Her caregivers could not have known that when I was seven and had a tonsillectomy, she spent the night by my hospital bed because the staff couldn't get her to go home - this, in the days when kids were kept overnight, and their parents booted out. 

Her nurses and techs knew none of that and were kind to her anyway. But one impatient word, one careless yank on her gown, one exasperated sigh in her direction, and I would defend my mother as she had defended me in the face of child-hating neighbors with perfect yards and the first-grade teacher who said I couldn't read - with all the conviction of an outraged mother bear. 

Because our days came and went like heartbeats, but then there was a murmur, and now I saw my mother as she had once seen me. 




Sunday, February 14, 2016

Absence Note

I've been worried a lot lately.

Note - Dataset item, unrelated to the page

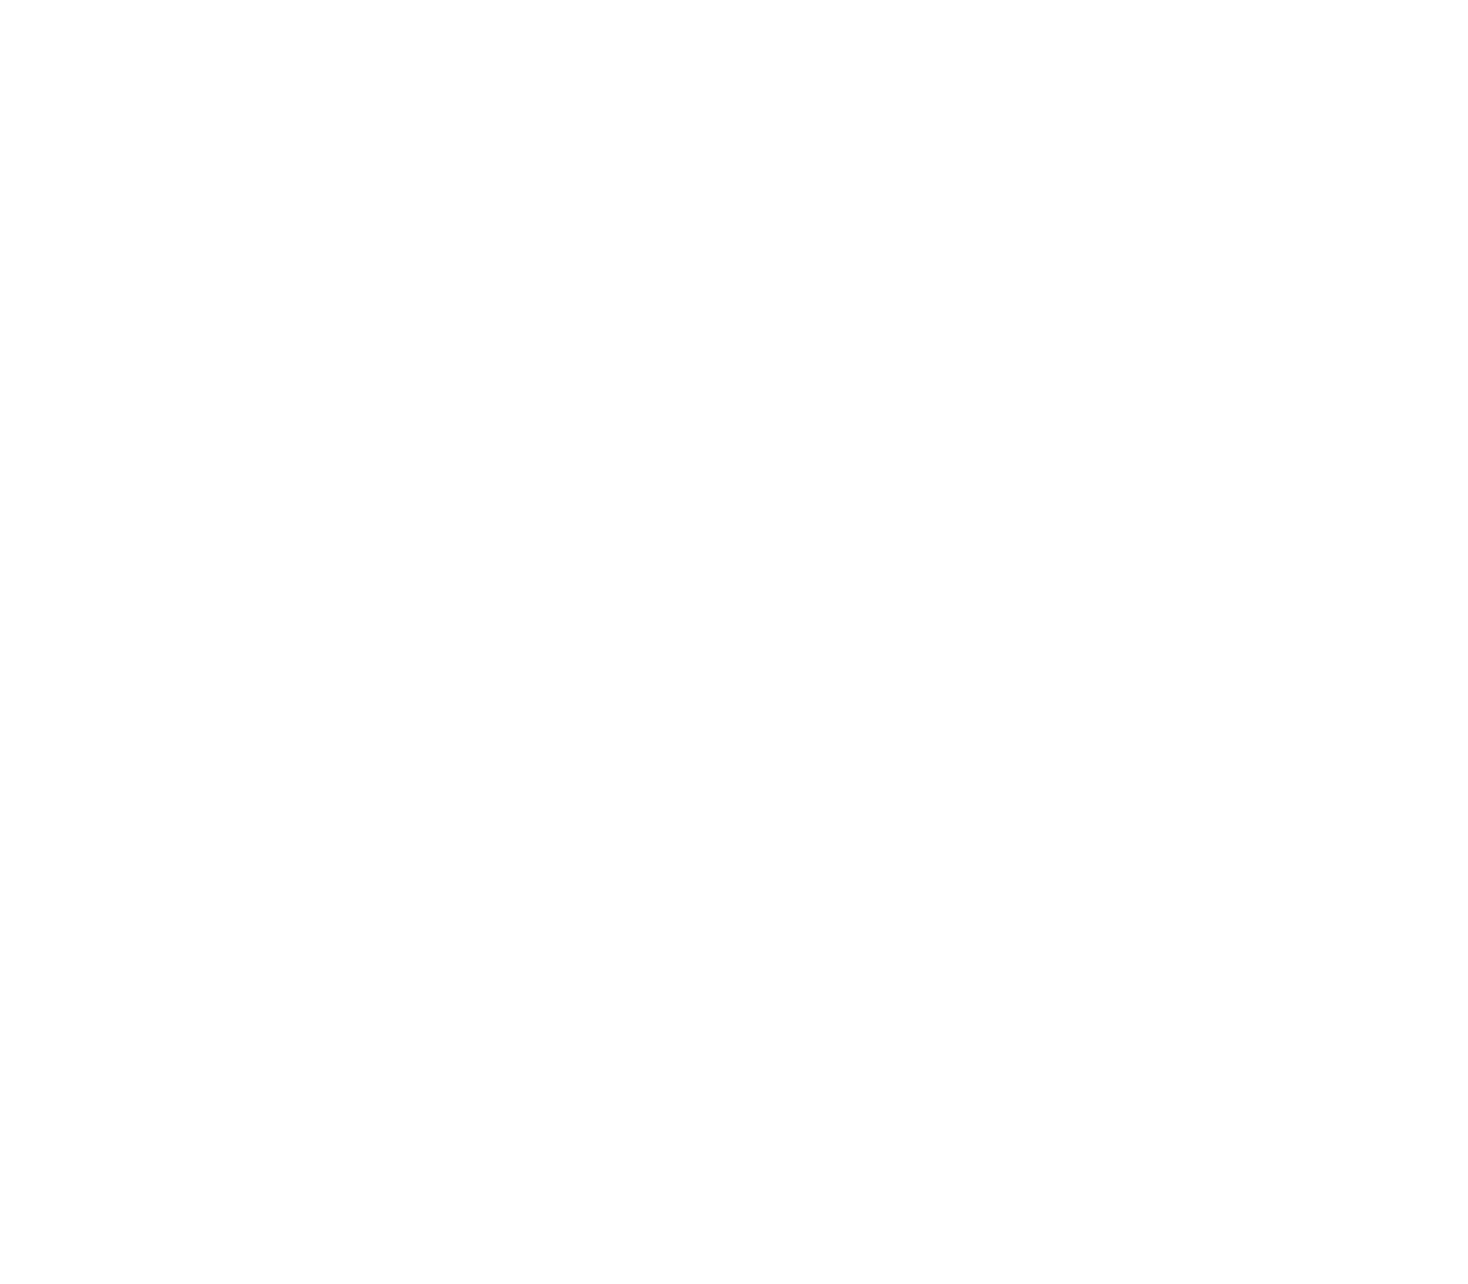 Corvius

I've been so worried in fact, that it's taken me from my blog entirely. The only times I've thought about Chipped Demitasse over the course of the last few weeks is when I kicked myself for neglecting it. This blog is very important to me yet I've been entirely absent from it.

A lot has been going on. My mother, who is dearer to me than even a wordie like myself can express, is facing serious health challenges. And I'm a single, working mother of teenagers, one of whom has temporary but difficult health issues of her own.

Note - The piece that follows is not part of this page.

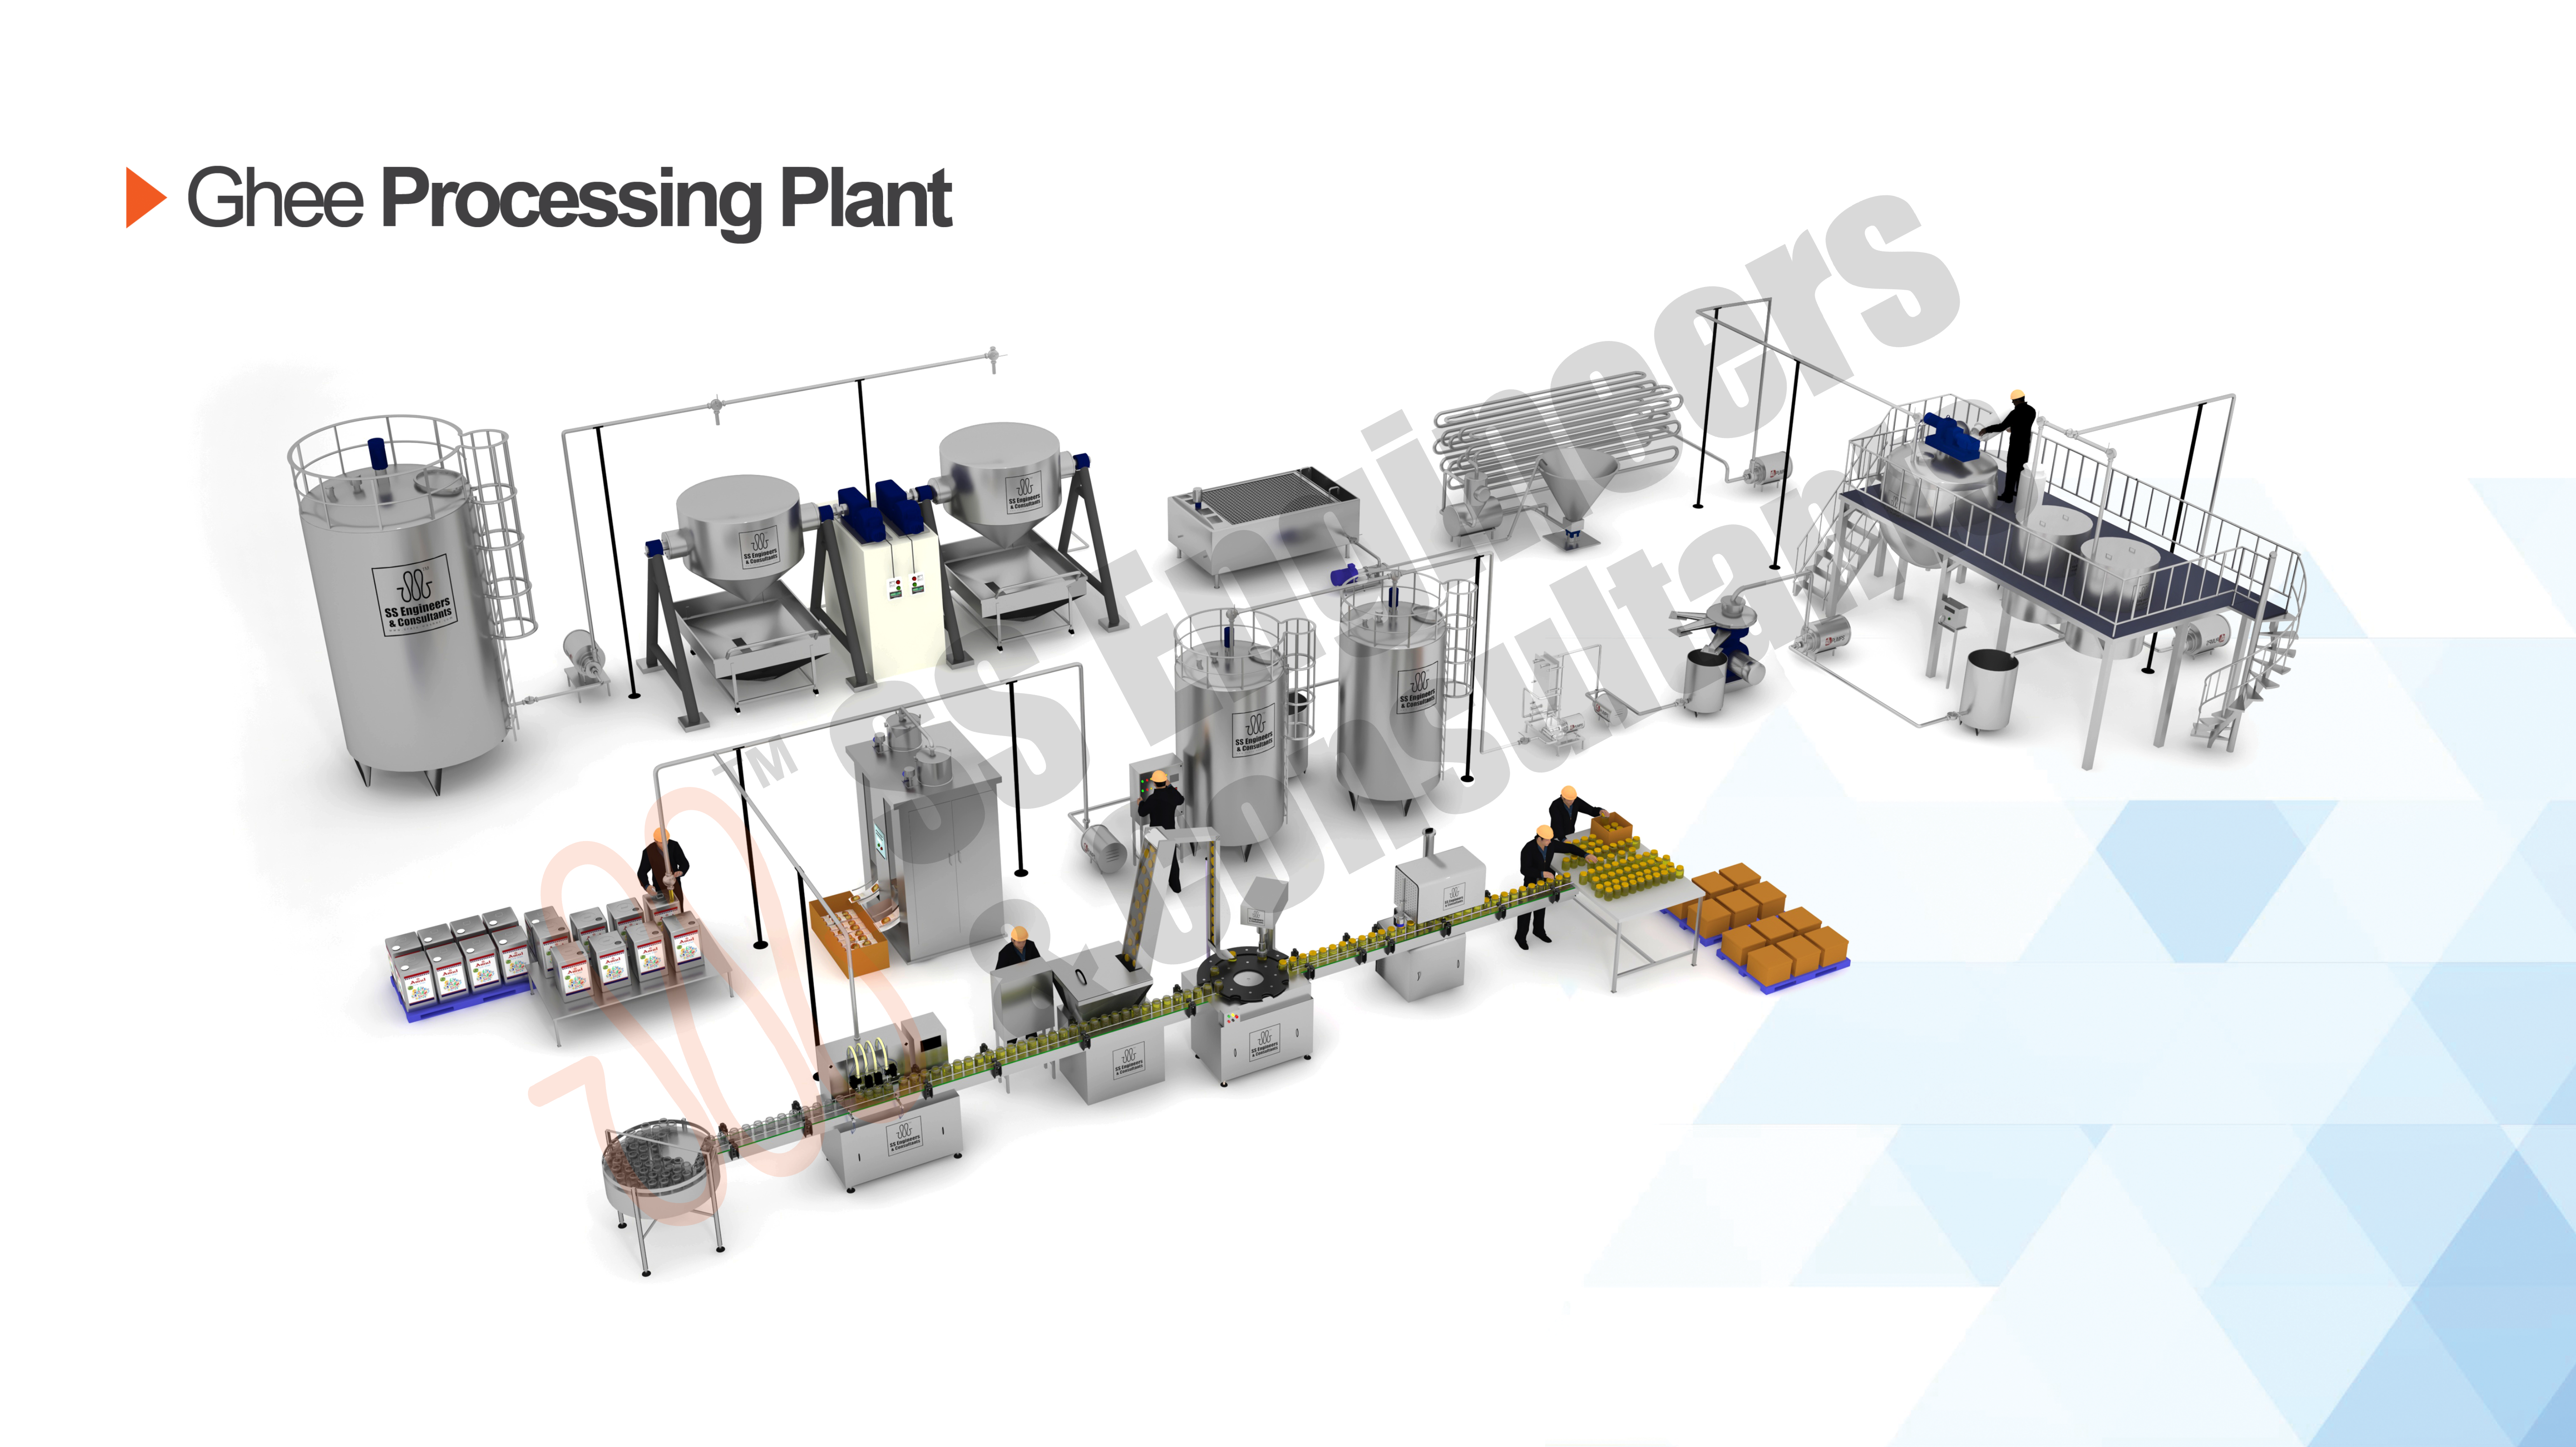 Ghee processing plant

If being a single, working parent with a sick mother and a sick kid and all the responsibilities those things entail weren't enough, I decided to jump ship from the financial Titanic I call renting and am in the process of buying a house.

Buying this house included a three-day period of torturous anxiety where I obsessed over my monthly cash-flow, fearing it would become an even smaller trickle than it already is once I traded the "freebies" of renting (heat, maintenance, etc,) for the "costies" of home ownership. I earn a perfectly fair wage, but face it, life can be expensive for single parents. Those three days worrying about money are the kinds of times that try the souls of single, working parents and prospective home-buyers.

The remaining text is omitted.